Henry Staten draws a sharp distinction between the earlier Dionysian and later ‘tyrannophilic’ metaphysics in Nietzsche’s economy of the will, noting ‘the profound continuity…of the transcendent will…beyond either power or suffering.’ (Staten, 1990, p. 88) Self-enjoyment, Staten proposes, is a central problematic in Nietzsche’s thought, and he recognizes that for Nietzsche, ‘pleasure in the deepest sense includes displeasure [and that]…power [is]…the essence of pleasure.’ (Ibid. p. 89) A further exemplification of the evolution of Nietzsche’s thought around the notion of self-enjoyment and sadomasochistic subjectivity is mapped out in Staten’s text. He identifies Nietzsche’s ‘protomasochism’ in The Birth of Tragedy (Nietzsche, 1872), where pain begets joy and ecstasy wrings sounds of agony, as a representative of the Dionysian metaphysics of tragedy, which Nietzsche celebrated in his earlier writings. A passage from a later work Daybreak is quoted at length and an ‘unspeakable happiness’ at the sight of torment is seen as an ironic distanciation ‘from the type of self-enjoyment that transforms pain into pleasure’ (Staten, 1990, p. 101), which could be construed as a hedonistic conception, but we already know that Nietzsche opposes this view. By the time Nietzsche’s Genealogy had been written, Staten says that ‘this ironic distance has split into a condemnation of ascetic masochism and a celebration of barbarian cruelty.’ (Ibid)
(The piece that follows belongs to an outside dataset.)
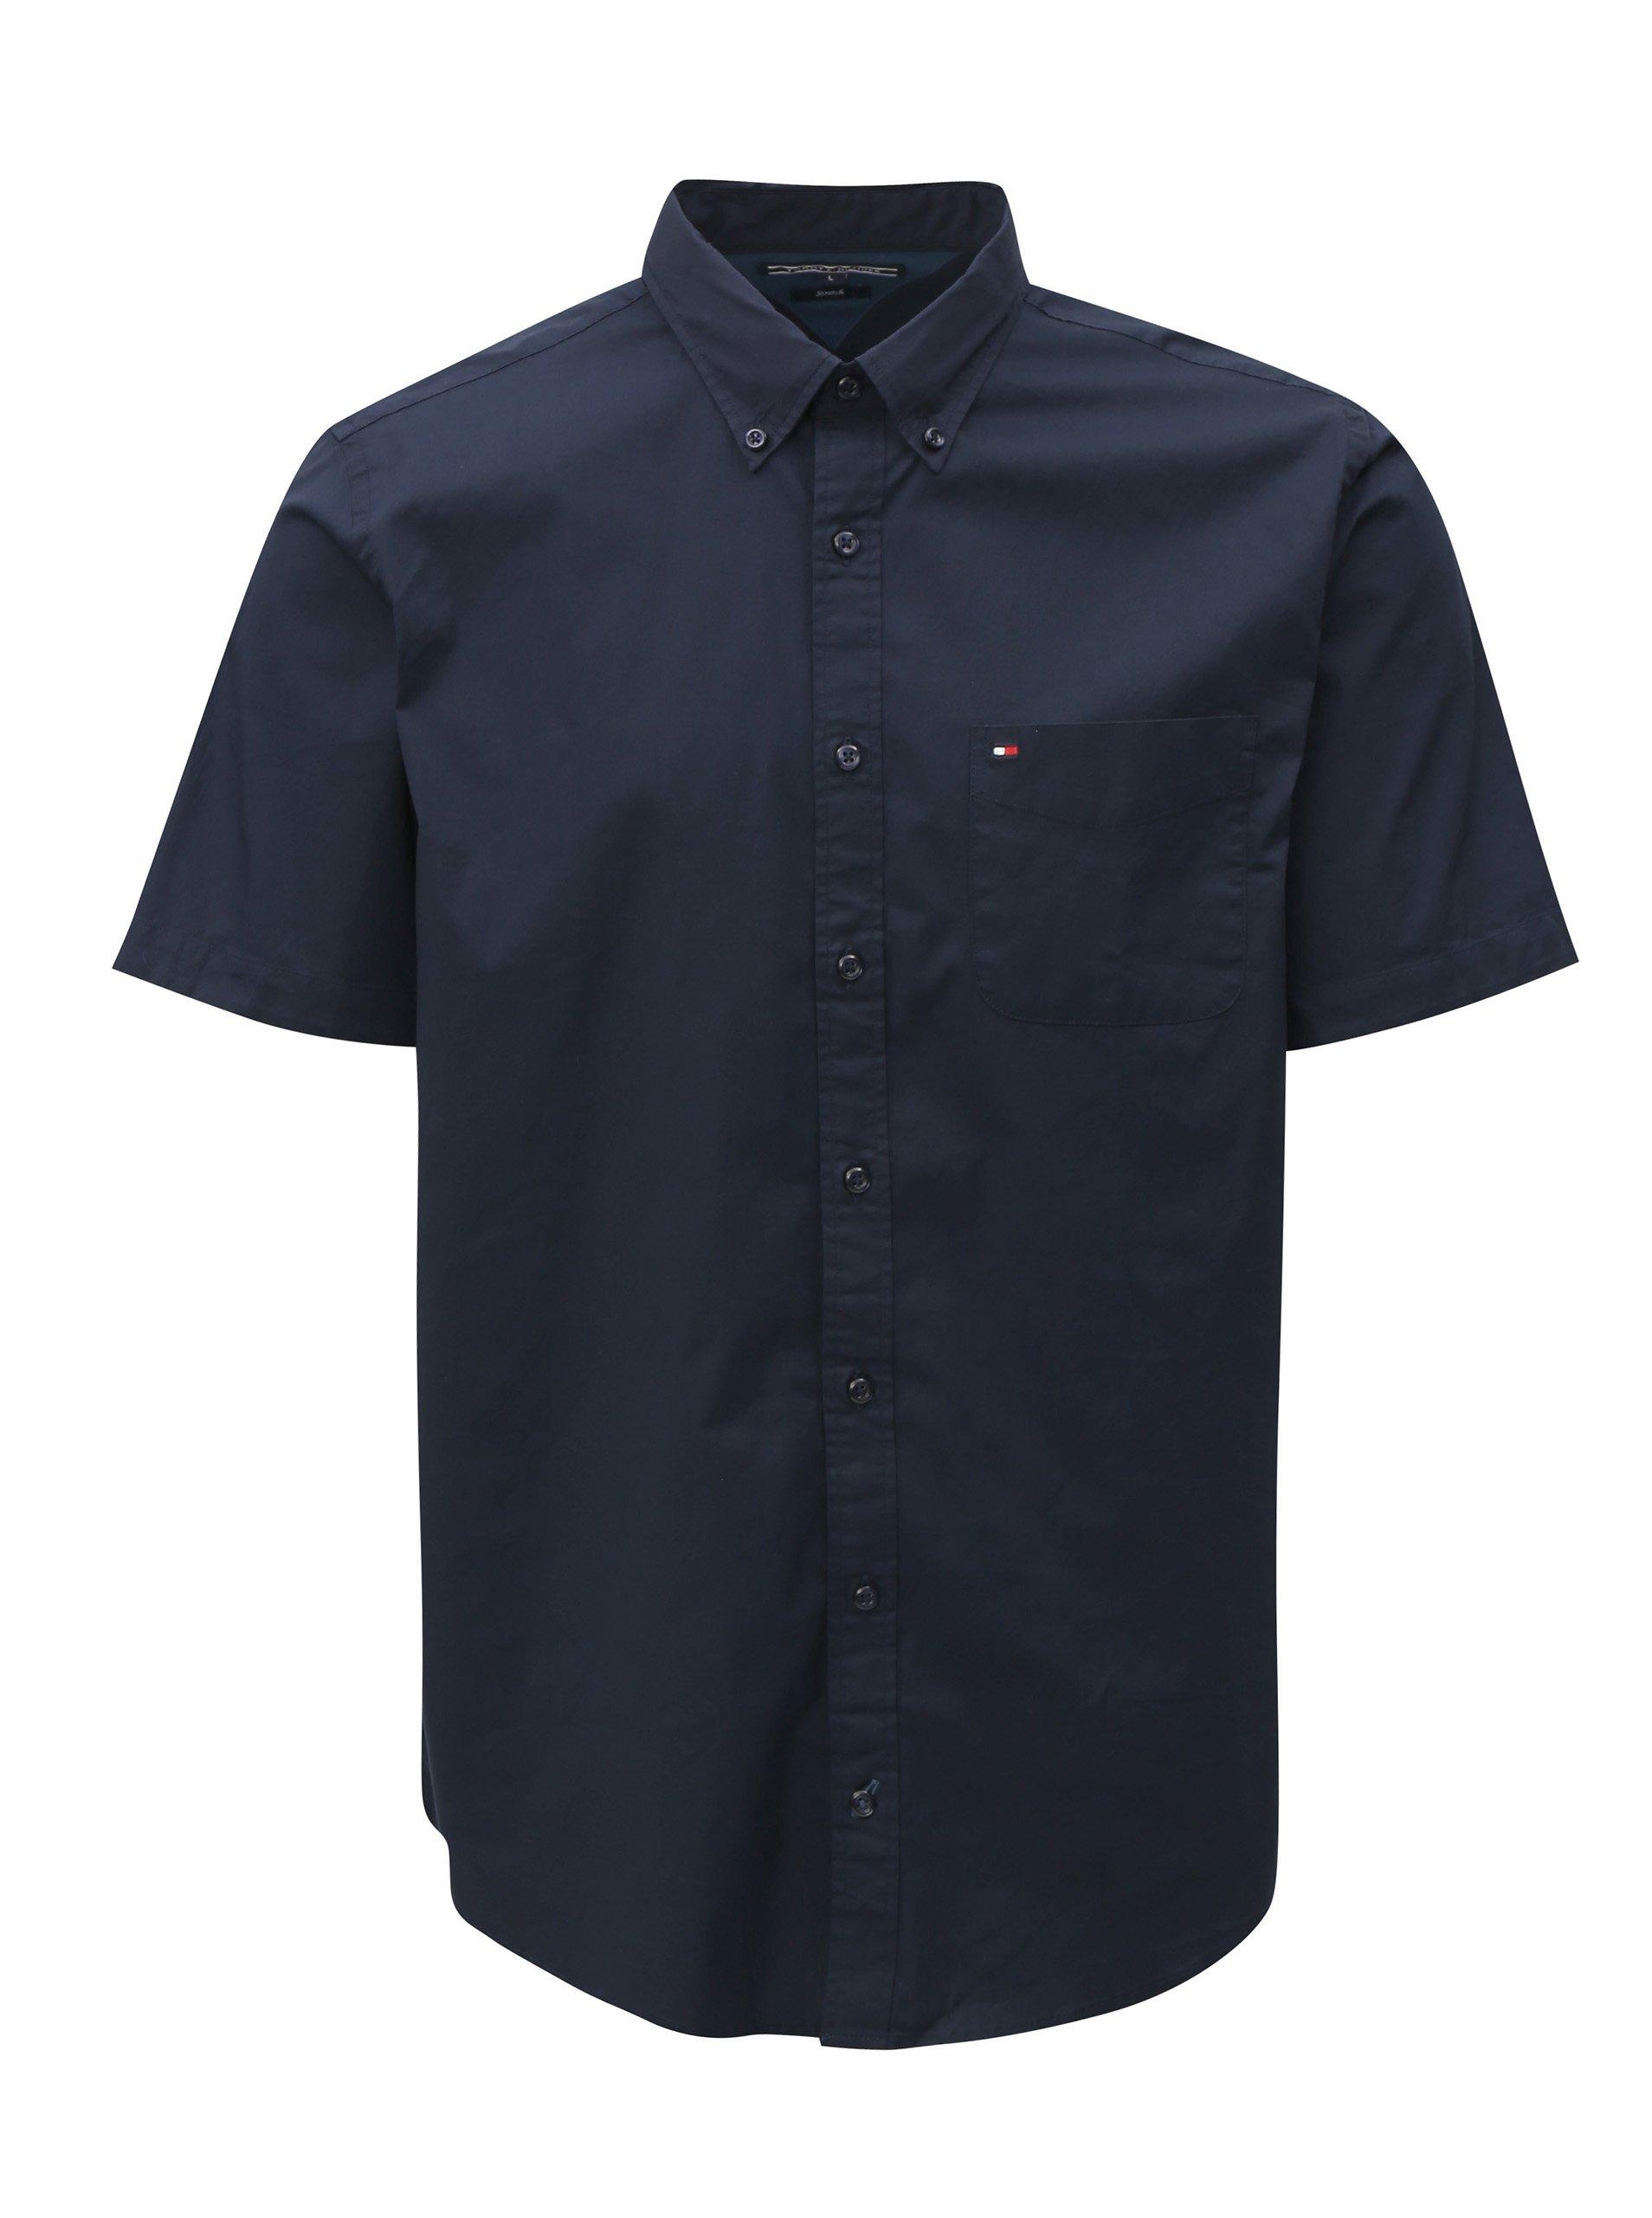 f1775f4a625 Tmavě modrá pánská košile s krátkým rukávem Tommy Hilfiger

Nietzsche’s formula thus becomes: self-enjoyment qua the feeling of power and power qua cruelty sine masochism. This ascendant cruelty somewhat contradicts Nietzsche’s earlier ‘glorification of Dionysian martyrdom.’ (Staten, 1990, p. 102). Staten understands the Nietzschean notion of ‘self-enjoyment’ – which includes the ascetic-masochistic enjoyment of self-directed cruelty – as a description of a ‘primitive form of affect’ within the will to power itself, which is thus identical with the feeling of power: ‘whenever we see power, we know there must be self-enjoyment, by the collocation of the two.’ (Ibid, p. 90) Furthermore, Staten conceives of ‘the inward turn of the ascetic [as]…a type of will to power [even though]…it seems to be a perversion or pathology…self-overcoming…self-domination.’ (Ibid, p. 91) Nietzsche can thereby be seen to be constructing a pre-Freudian ‘profound analysis of sadomasochistic subjectivity and transcendental ressentiment’ (Ibid, p. 92).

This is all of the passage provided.